Existing learning-based methods for point cloud rendering adopt various 3D representations and feature querying mechanisms to alleviate the sparsity problem of point clouds. However, artifacts still appear in rendered images, due to the challenges in extracting continuous and discriminative 3D features from point clouds. In this paper, we present a dense while lightweight 3D representation, named TriVol, that can be combined with NeRF to render photo-realistic images from point clouds. Our TriVol consists of triple slim volumes, each of which is encoded from the point cloud. TriVol has two advantages. First, it fuses respective fields at different scales and thus extracts local and non-local features for discriminative representation.
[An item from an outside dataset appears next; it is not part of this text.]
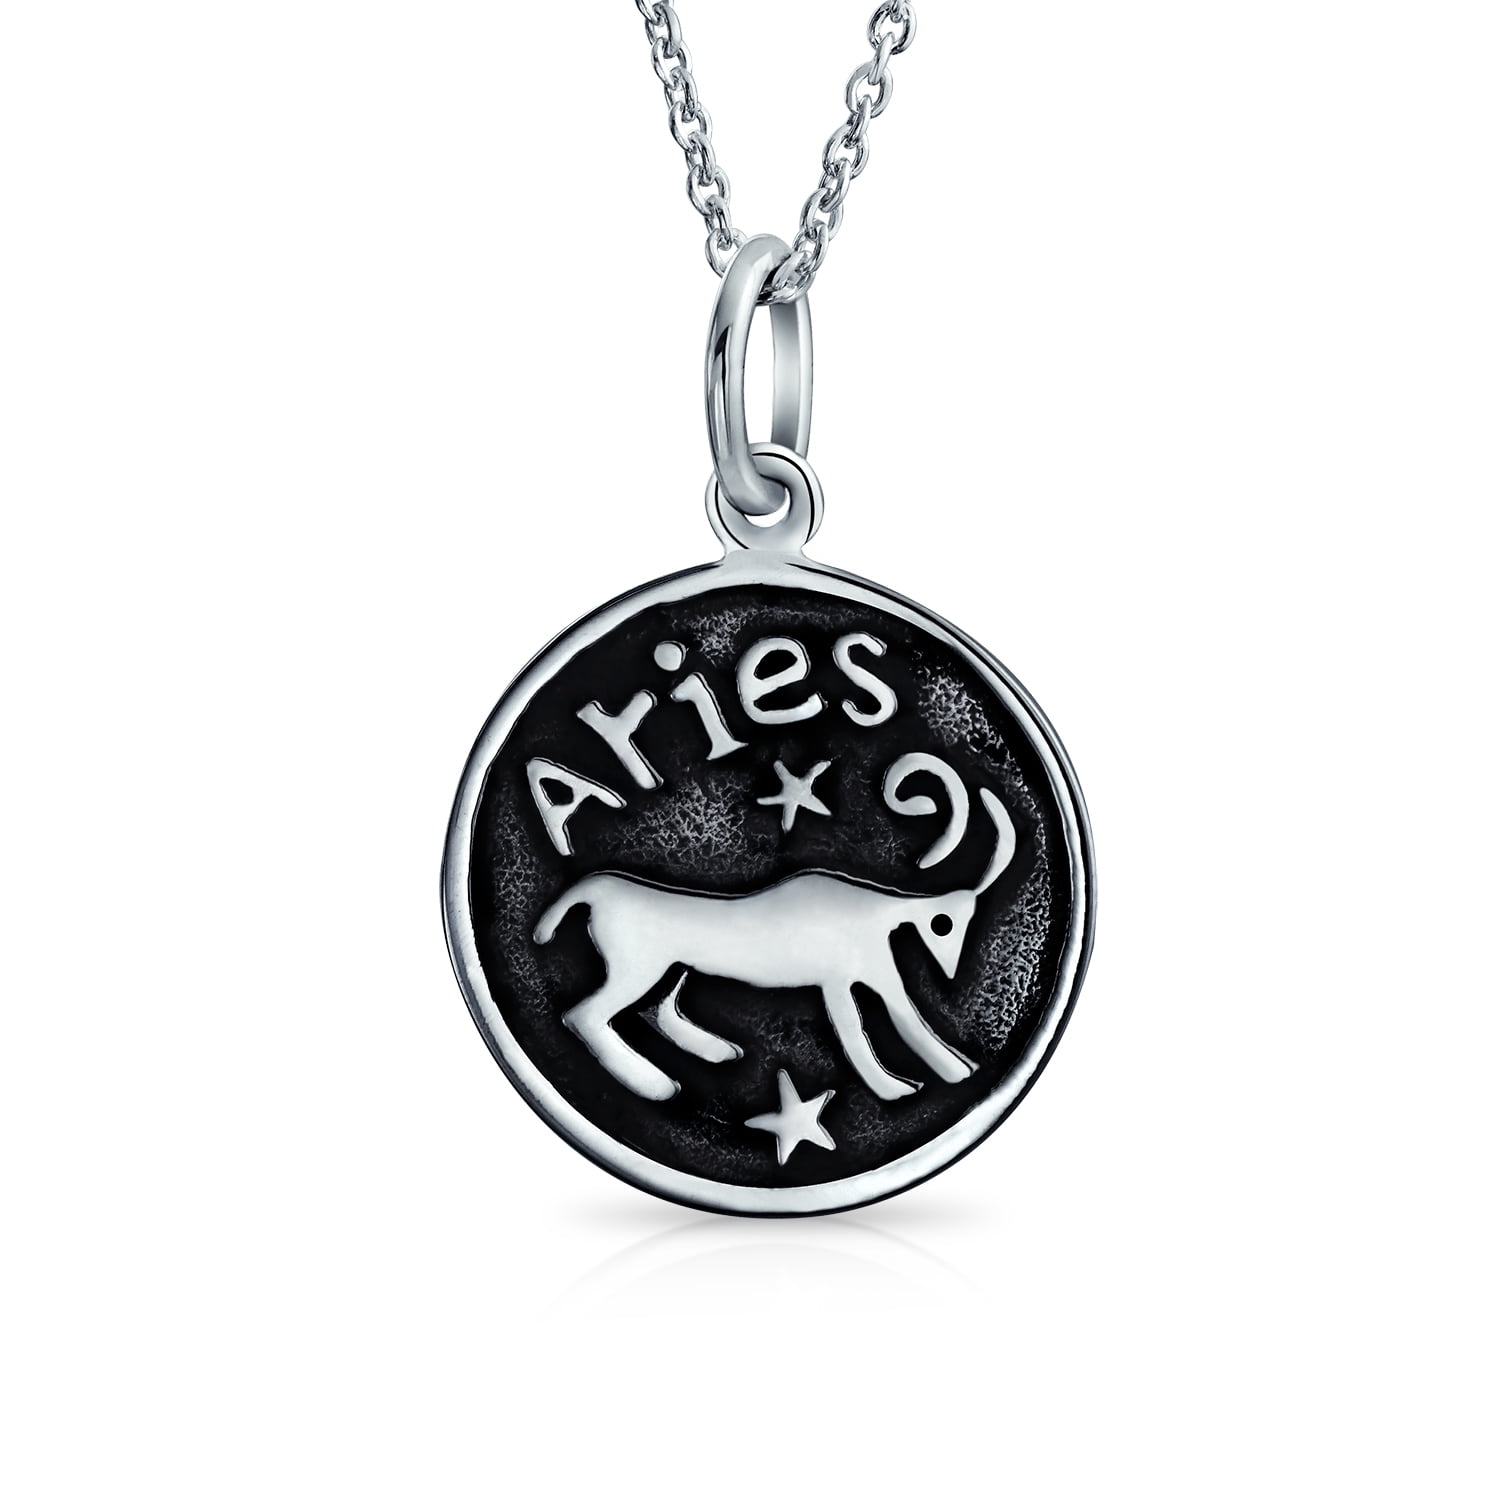 Solid Sterling Silver Round Aries Zodiac Sign Pendant Necklace

Second, since the volume size is greatly reduced, our 3D decoder can be efficiently inferred, allowing us to increase the resolution of the 3D space to render more point details. Extensive experiments on different benchmarks with varying kinds of scenes/objects demonstrate our framework's effectiveness compared with current approaches. Moreover, our framework has excellent generalization ability to render a category of scenes/objects without fine-tuning.
翻译:孪生容器:通过三重容器进行点云渲染
现有的基于学习的点云渲染方法采用各种3D表示和特征查询机制来缓解点云的稀疏问题。然而,由于从点云中提取连续且具有区分力的3D特征存在挑战,渲染图像中仍会出现伪影。在本文中,我们提出了一种名为 TriVol 的密集又轻量的3D表示法,可以与NeRF结合使用,从点云渲染逼真的图像。我们的 TriVol 由三个瘦长的容器组成,每个容器都从点云中编码而成。TriVol 具有两个优点。首先,它将不同尺度的各自领域融合在一起,因此提取了局部和非局部特征,具有判别性的表征。其次,由于卷积大小大大降低,因此我们的3D解码器可以有效地推断,从而使我们可以提高3D空间的分辨率以渲染更多的点细节。在不同的基准测试场景/对象上进行广泛的实验,证明了我们的框架与当前方法相比的有效性。此外,我们的框架具有在不进行微调的情况下渲染场景/对象类别的出色泛化能力。